=== Section Start ===

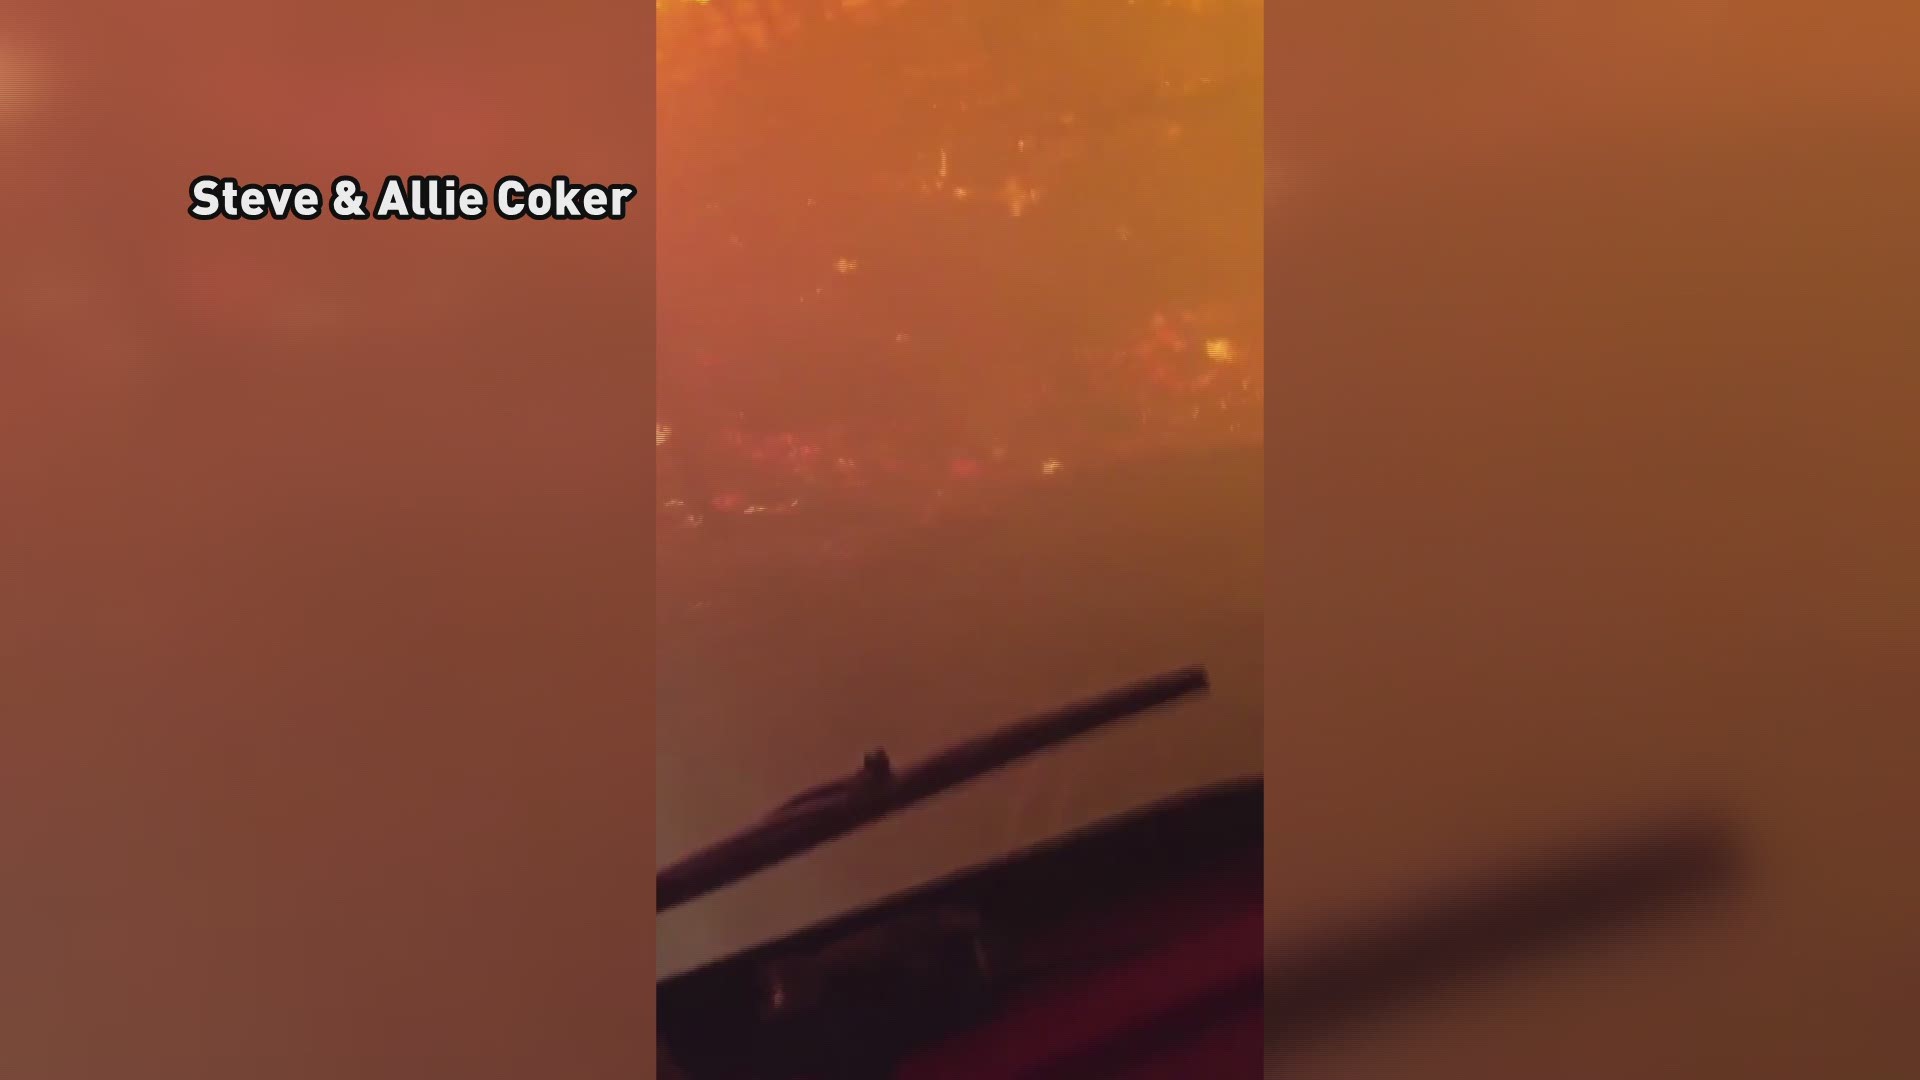 A firefighter shared this video of the conditions they faced during the Gatlinburg wildfires on Monday, Nov. 28, 2016. Video courtesy Allie & Steve Coker.
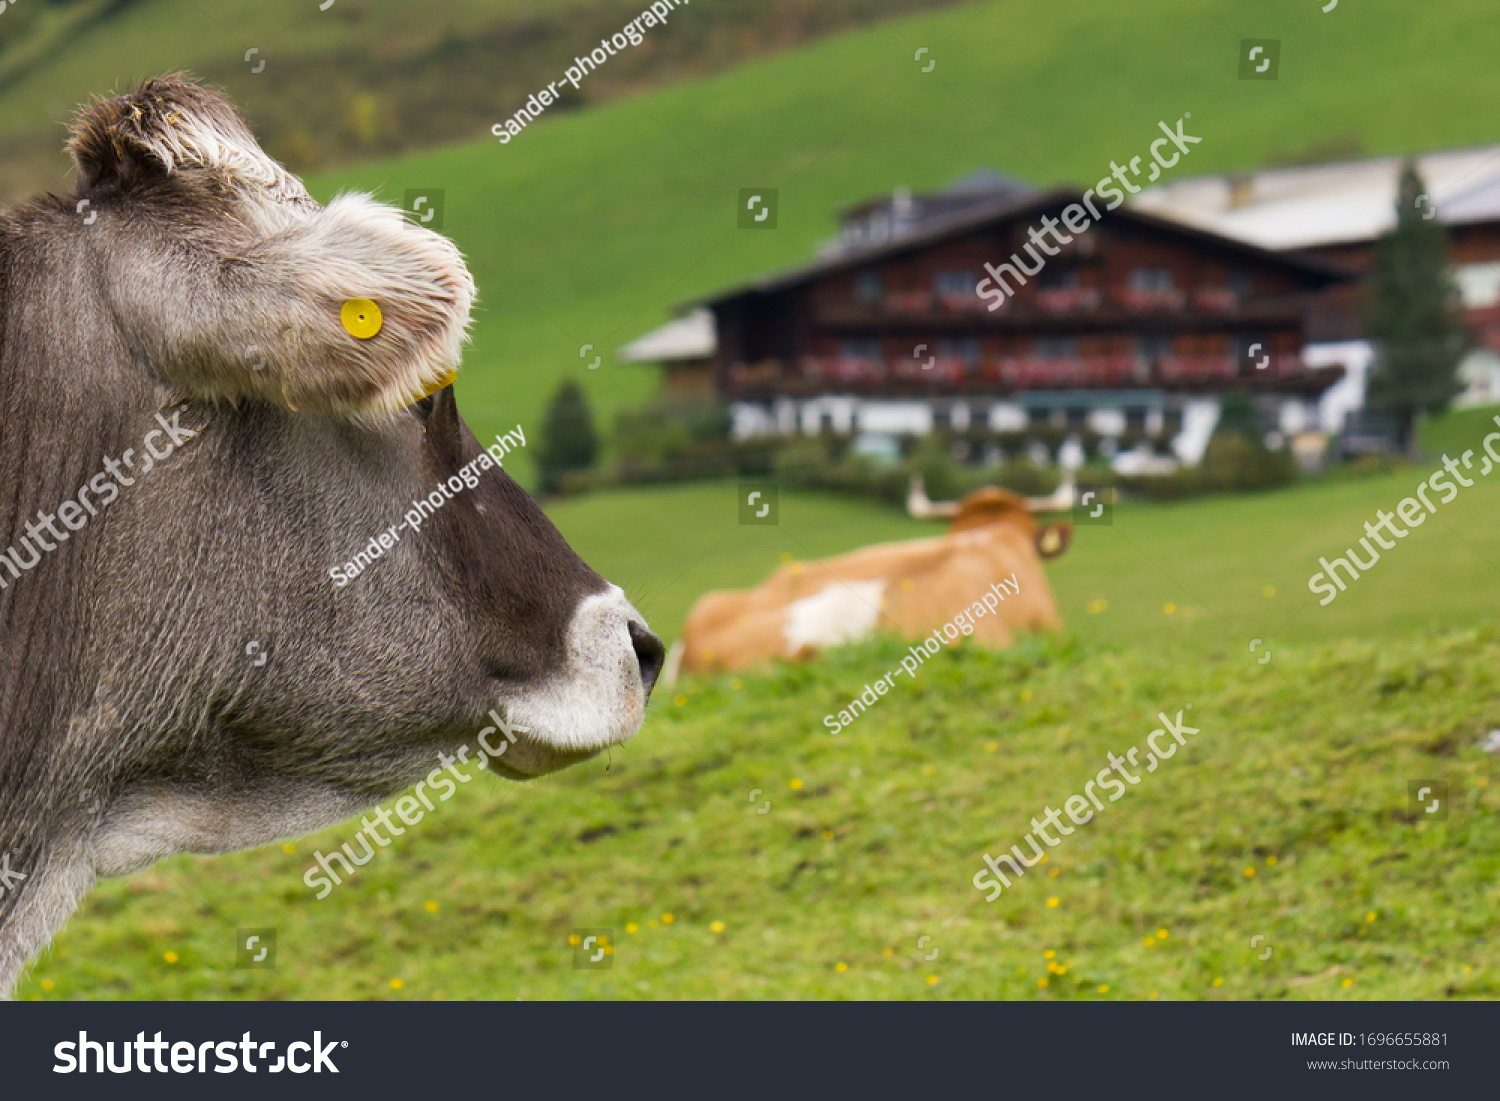 Austrian cow (Bos Taurus) looking to farmstead with blurred background #1696655881
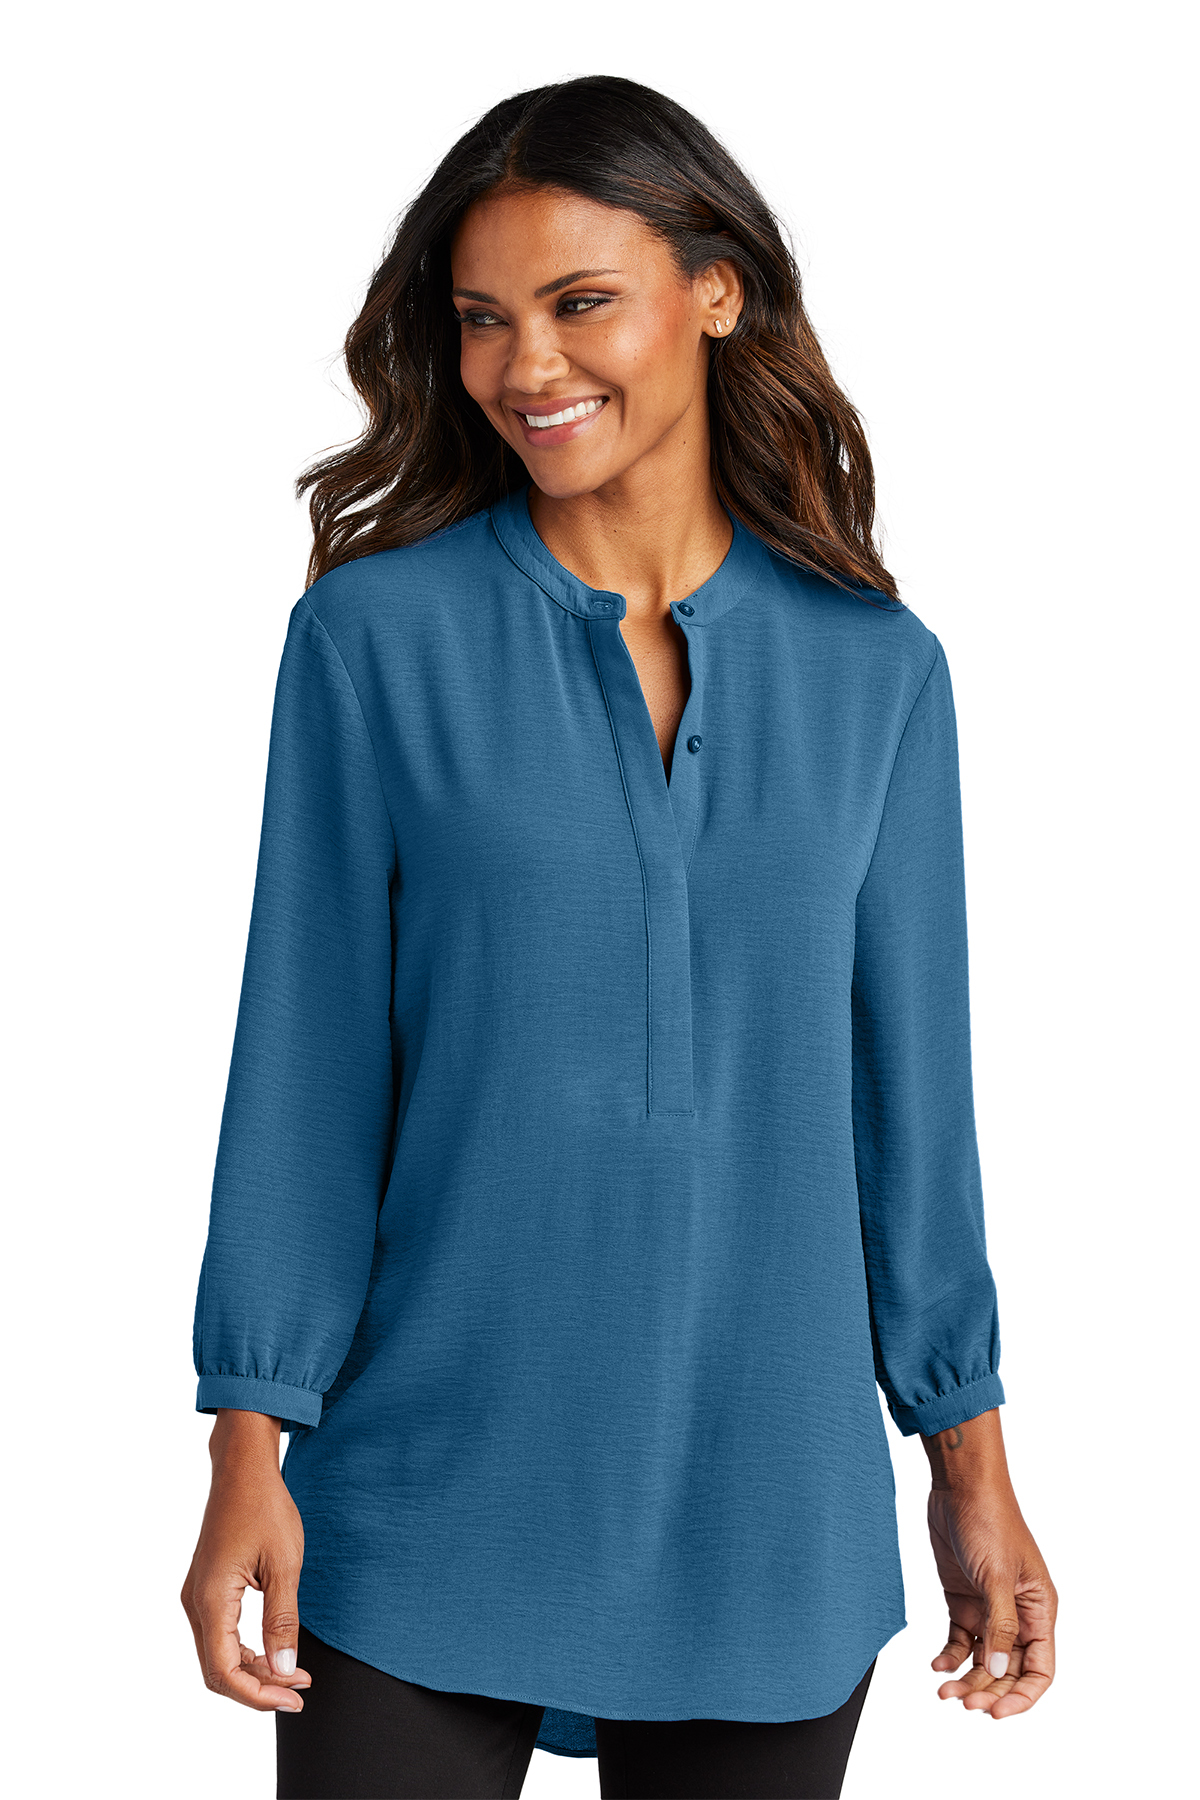 Lands' End Women's Tall Rayon 3/4 Sleeve V Neck Tunic Top - Medium Tall -  Wood Lily Tile Geo
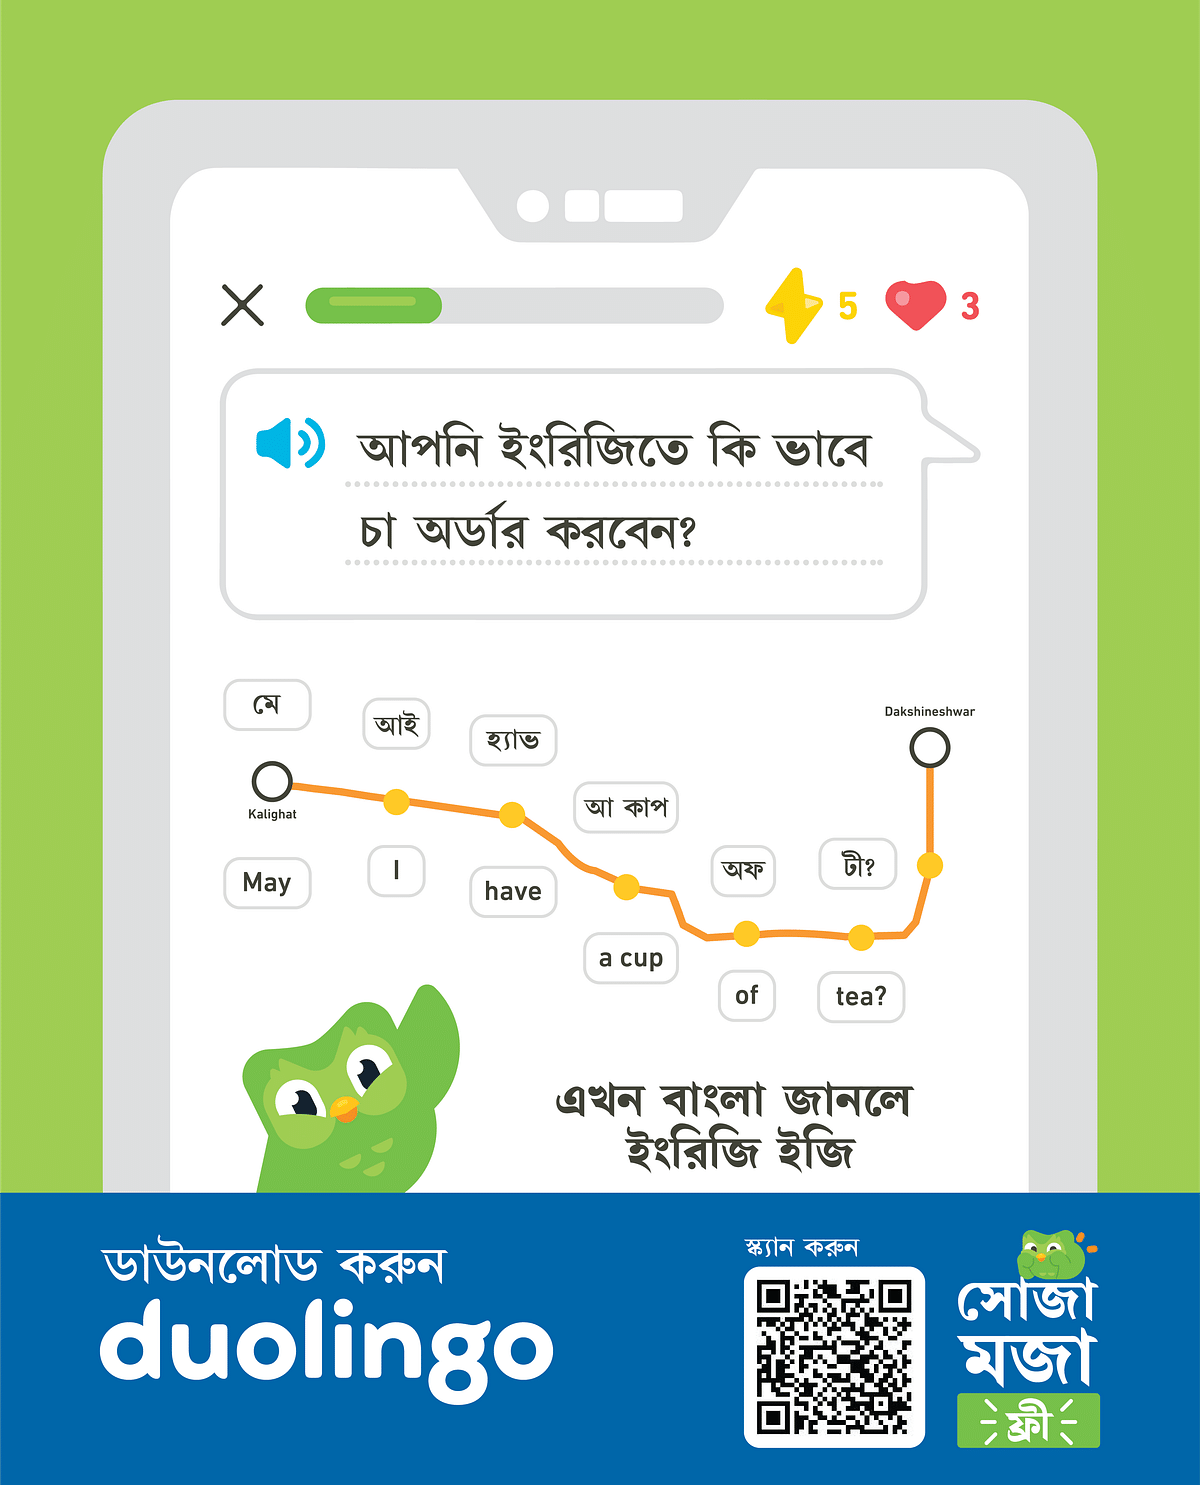 Duolingo’s hyper-localized language launch campaign propels the Bengali to English course to #2 position in India

=== Section End ===

Goal of the exercise:
Would you please output the listing above exactly, leaving out the pictures?

Reply:
 A firefighter shared this video of the conditions they faced during the Gatlinburg wildfires on Monday, Nov. 28, 2016. Video courtesy Allie & Steve Coker.
 Austrian cow (Bos Taurus) looking to farmstead with blurred background #1696655881
 Lands' End Women's Tall Rayon 3/4 Sleeve V Neck Tunic Top - Medium Tall -  Wood Lily Tile Geo
 Duolingo’s hyper-localized language launch campaign propels the Bengali to English course to #2 position in India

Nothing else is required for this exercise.